**Input data:**
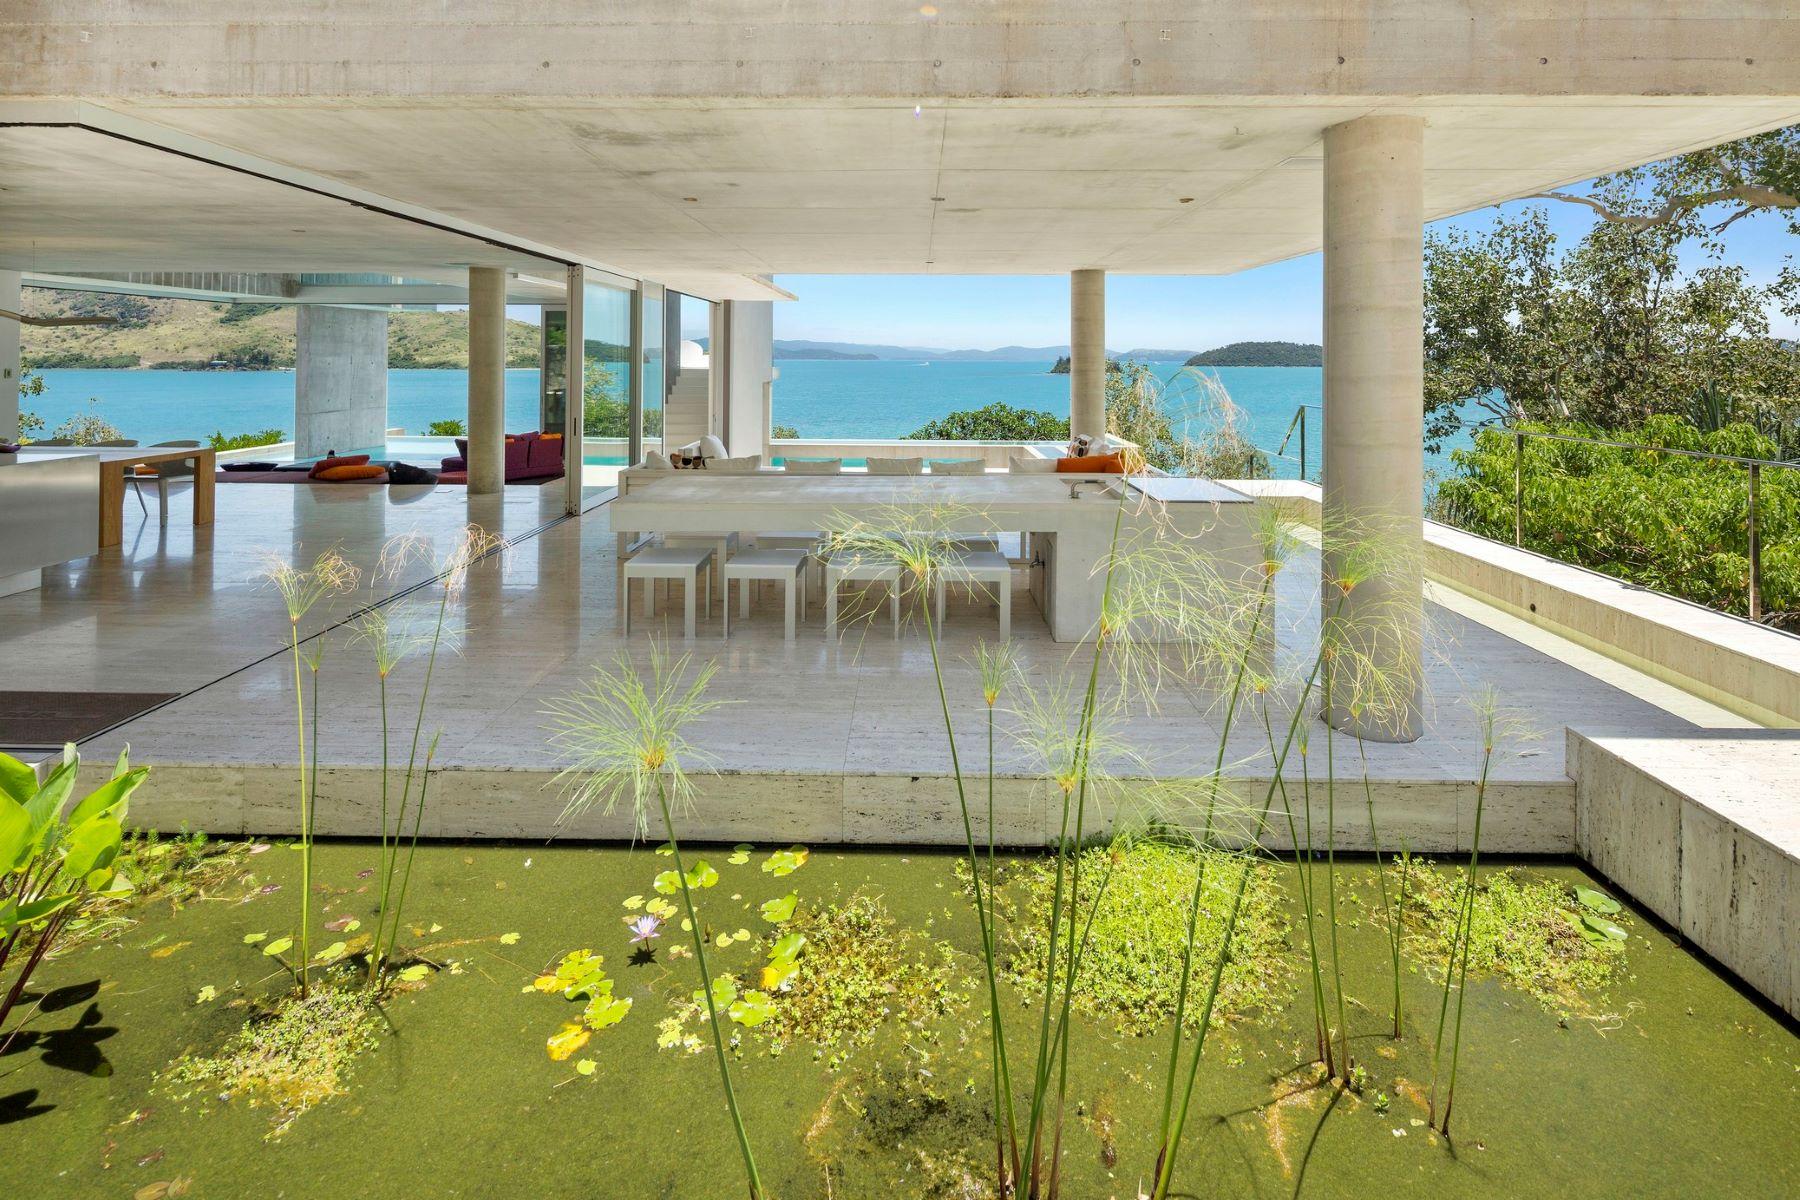 獨棟家庭住宅 為 出售 在 Solis 4 Plum Pudding Close Whitsundays, Queensland, 4803 澳大利亞
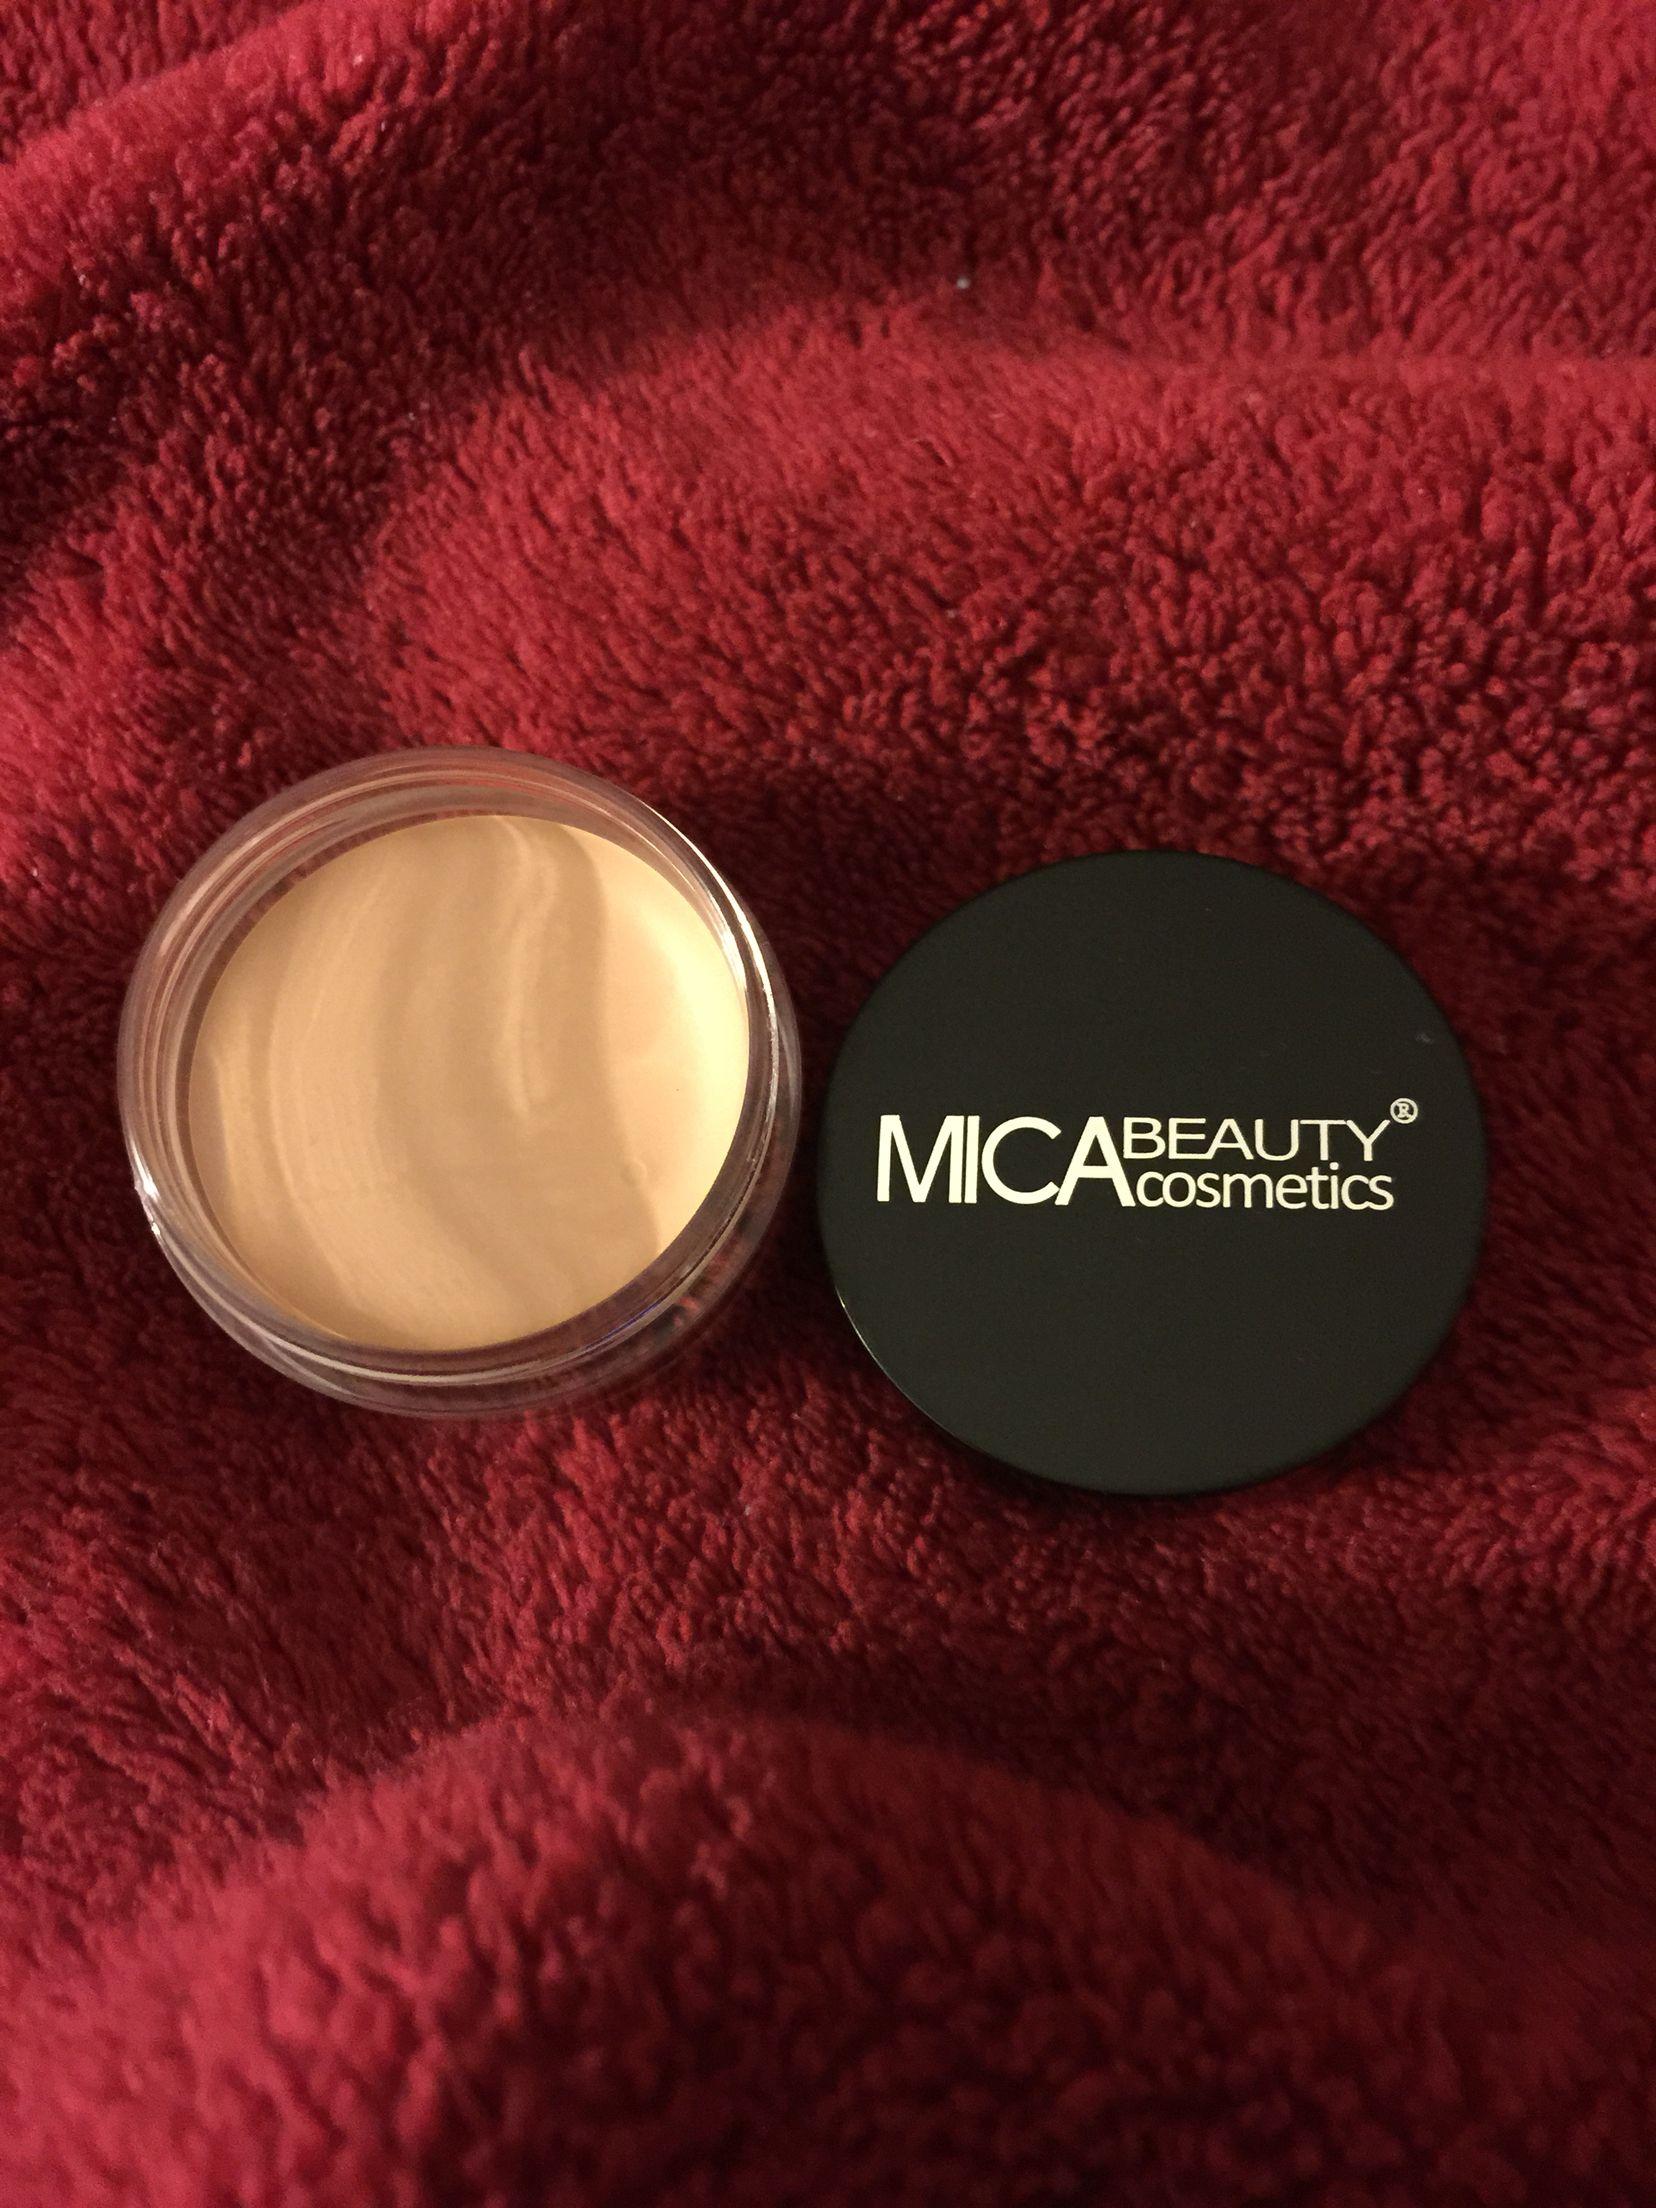 Mica Beauty Cosmetics Eye Primer Brand New Beauty
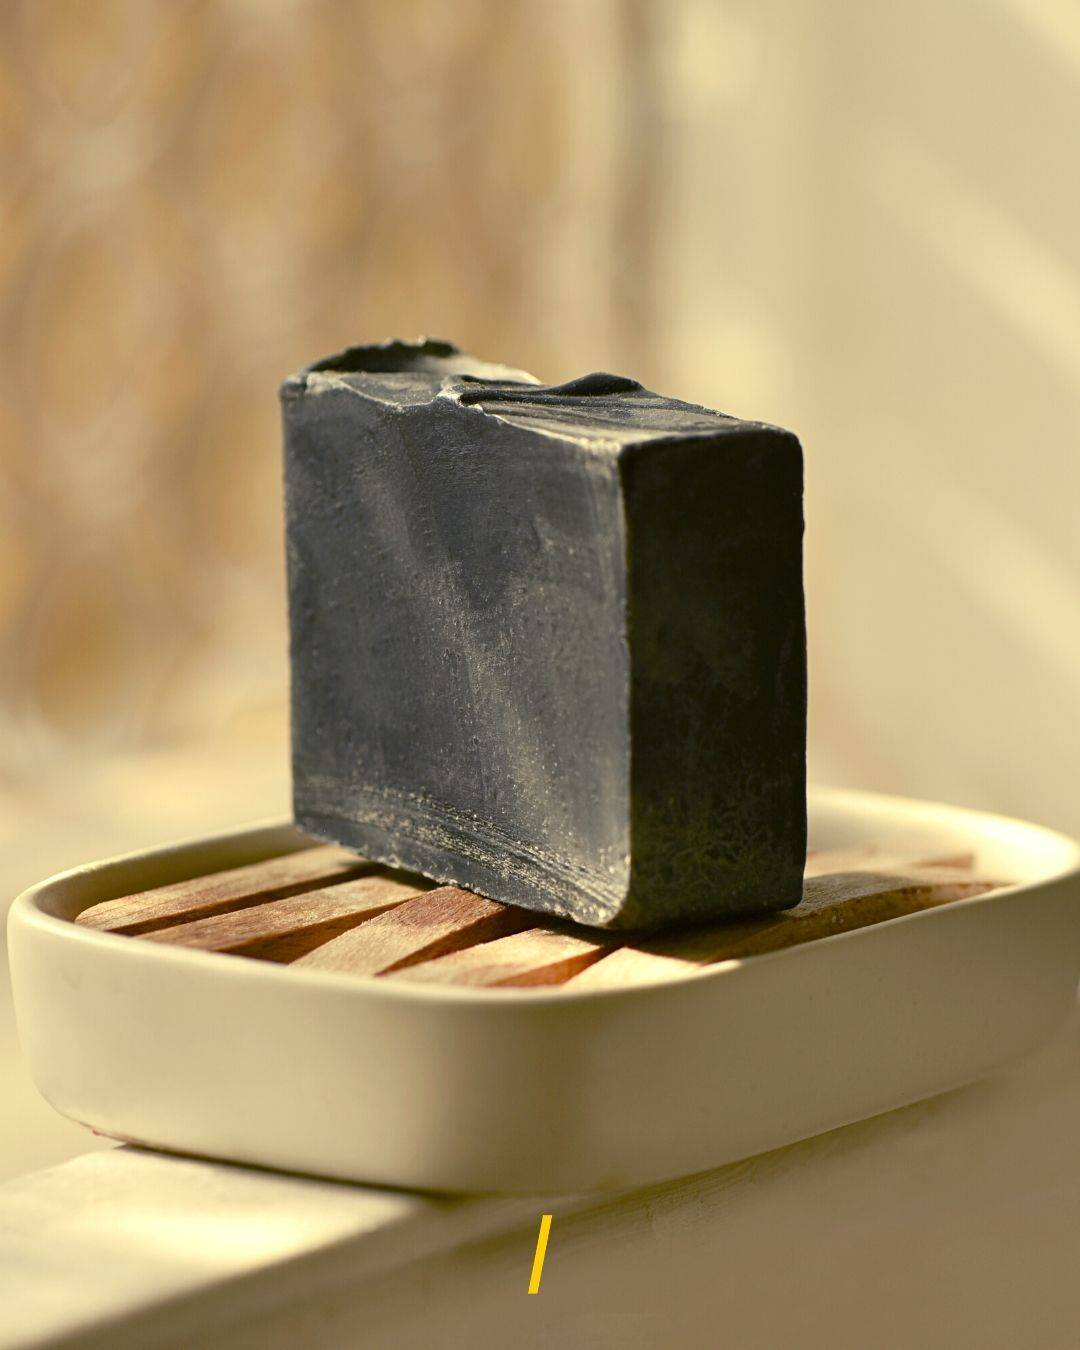 Le savon solide purifiant - Shiloe

**What is expected:** Give the data again exactly, without pictures.

**The answer:**
 獨棟家庭住宅 為 出售 在 Solis 4 Plum Pudding Close Whitsundays, Queensland, 4803 澳大利亞
 Mica Beauty Cosmetics Eye Primer Brand New Beauty
 Le savon solide purifiant - Shiloe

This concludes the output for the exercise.